▶ _EXERCISE BRIEF_: From the material below, please set down exactly the lines starting with the one with "Dim-to-warm lampen" and going on through the one with "Klassiek vloerkleed in", without a single picture.

▶ _DATA SUPPLIED_:
╭──
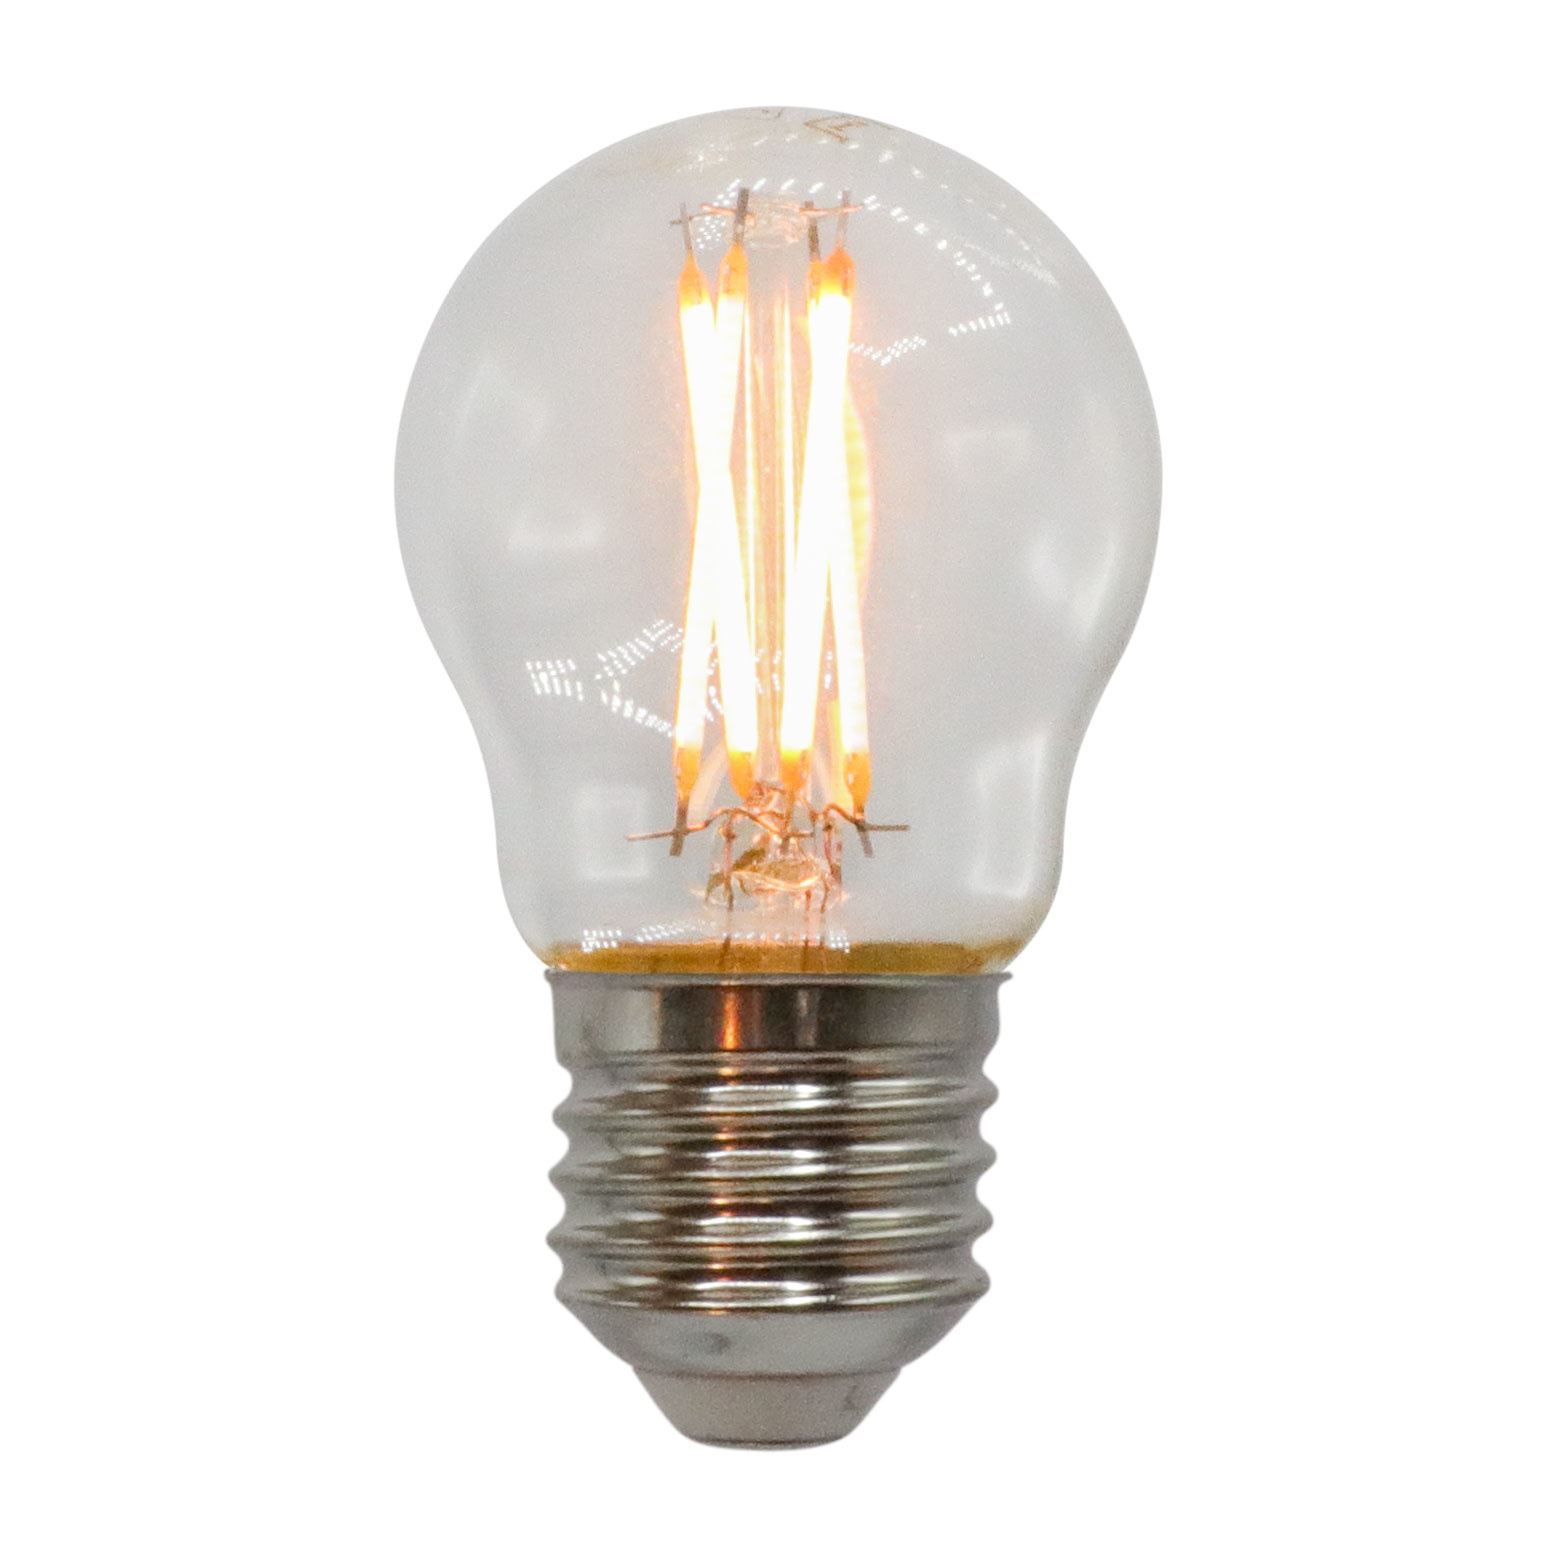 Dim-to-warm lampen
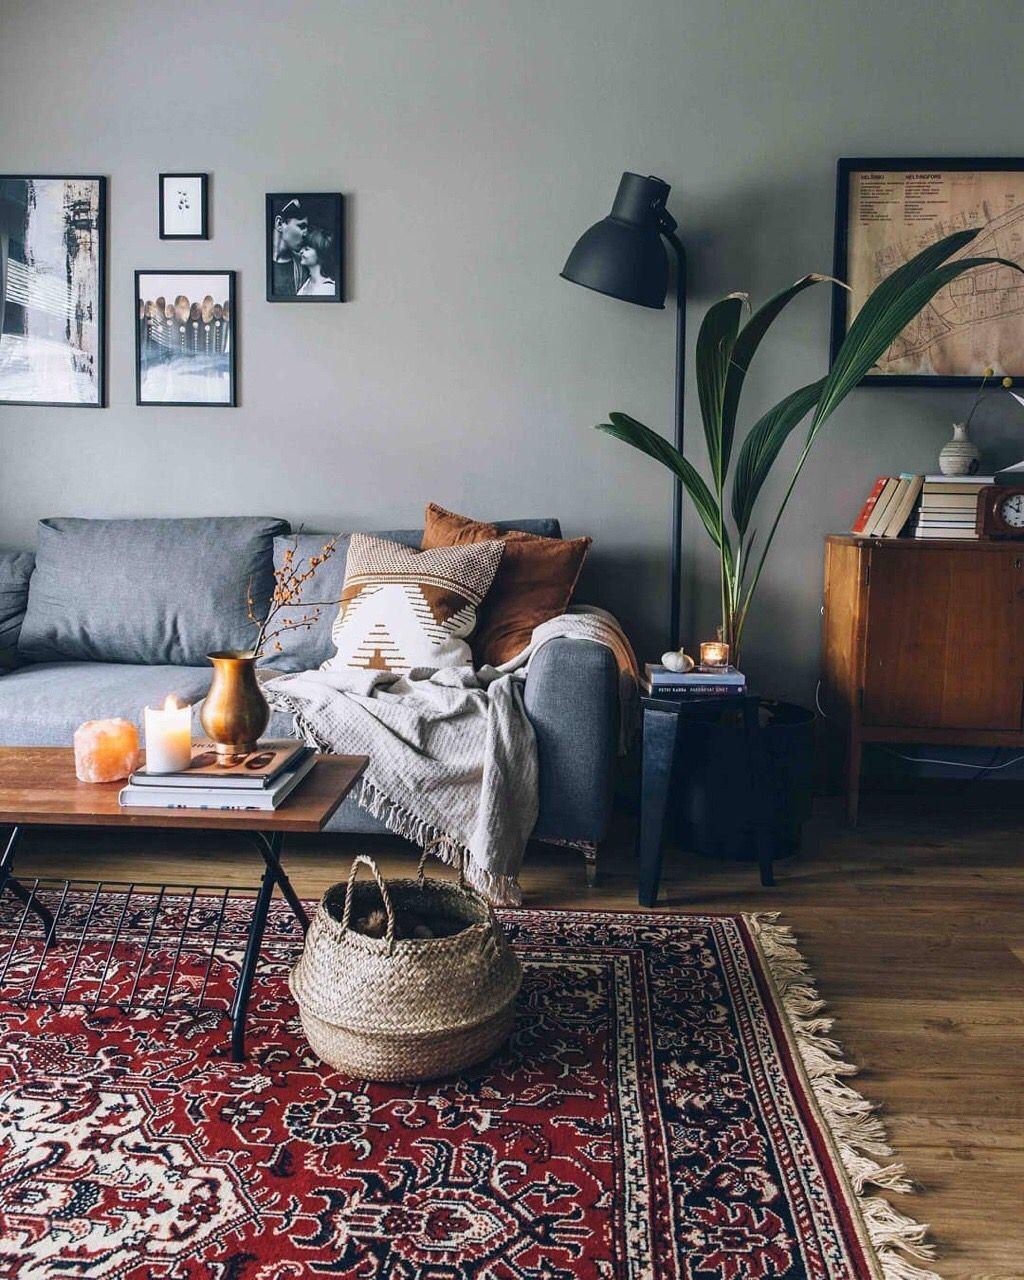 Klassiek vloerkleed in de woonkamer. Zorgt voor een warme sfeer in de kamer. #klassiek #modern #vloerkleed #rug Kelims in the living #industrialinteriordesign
╰──
╭──
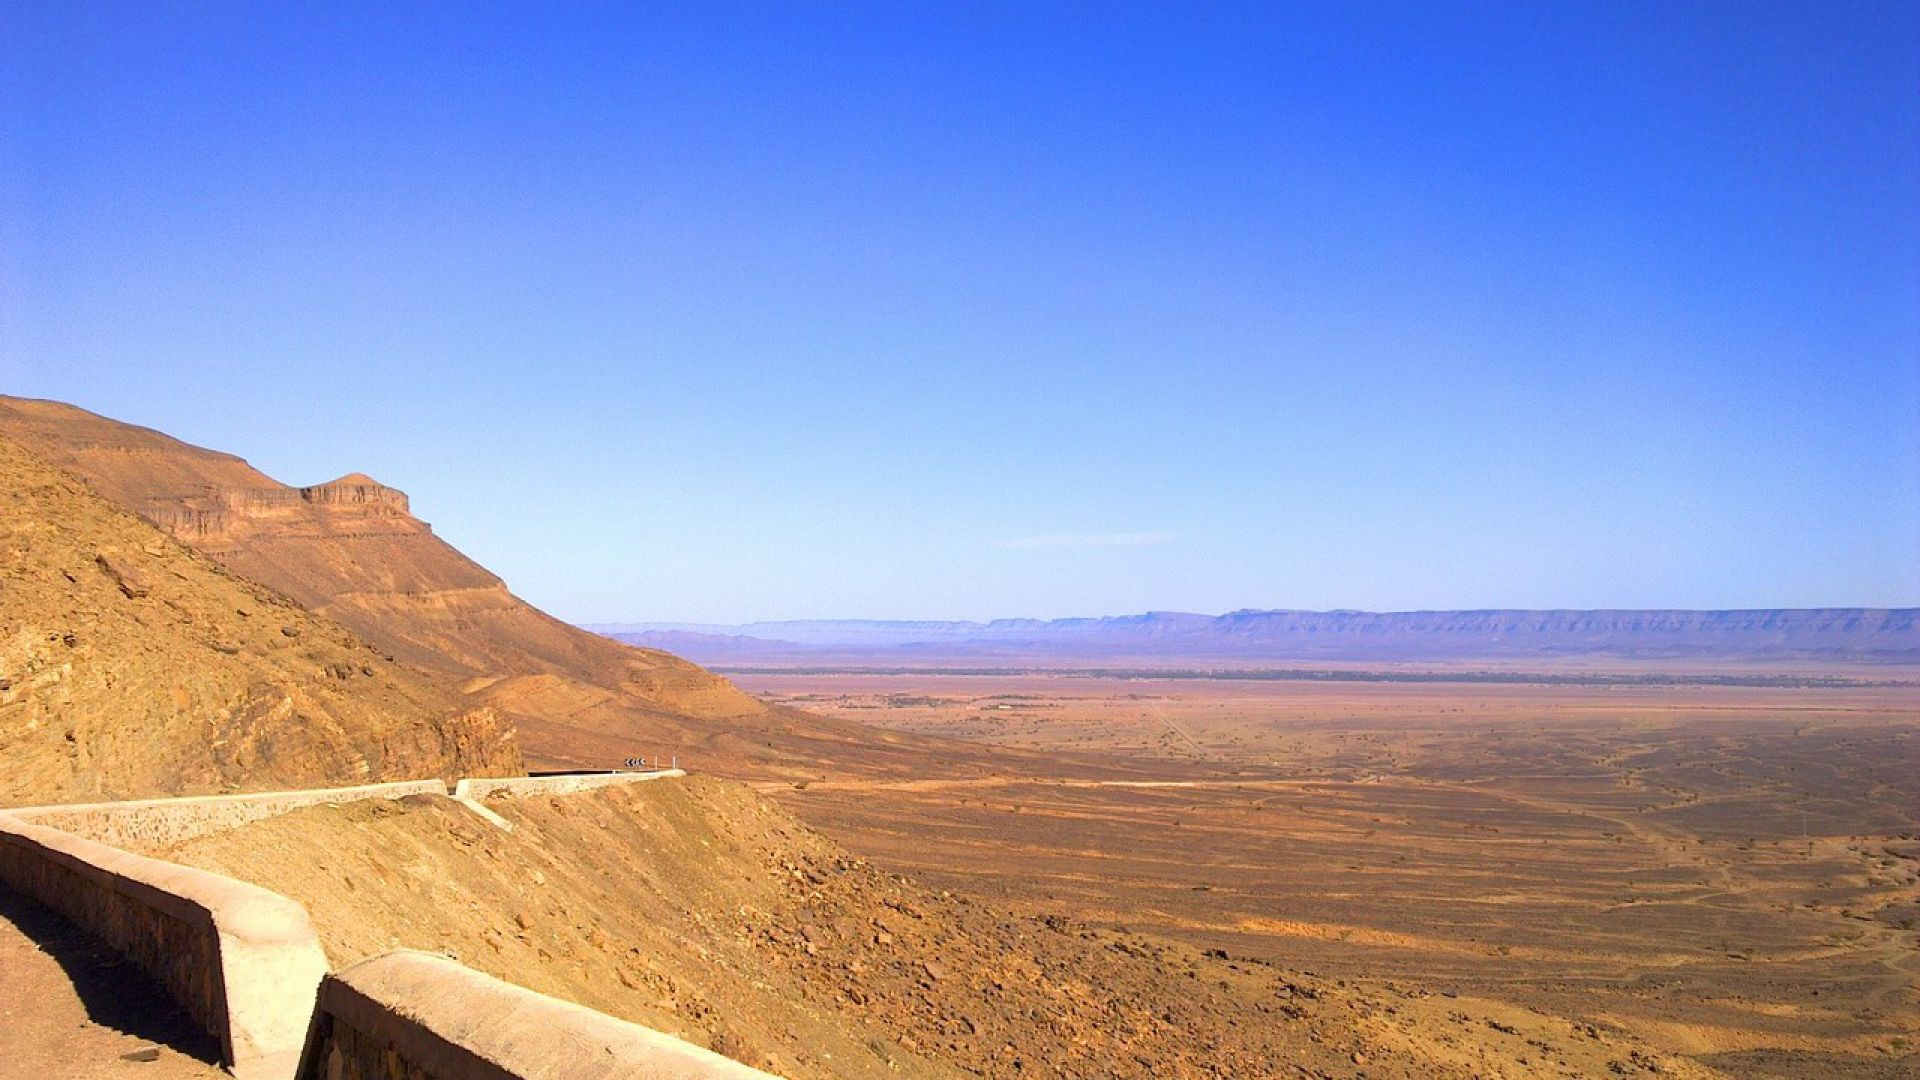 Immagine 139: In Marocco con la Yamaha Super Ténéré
╰──
▶ _YOUR RESPONSE_:
 Dim-to-warm lampen
 Klassiek vloerkleed in de woonkamer. Zorgt voor een warme sfeer in de kamer. #klassiek #modern #vloerkleed #rug Kelims in the living #industrialinteriordesign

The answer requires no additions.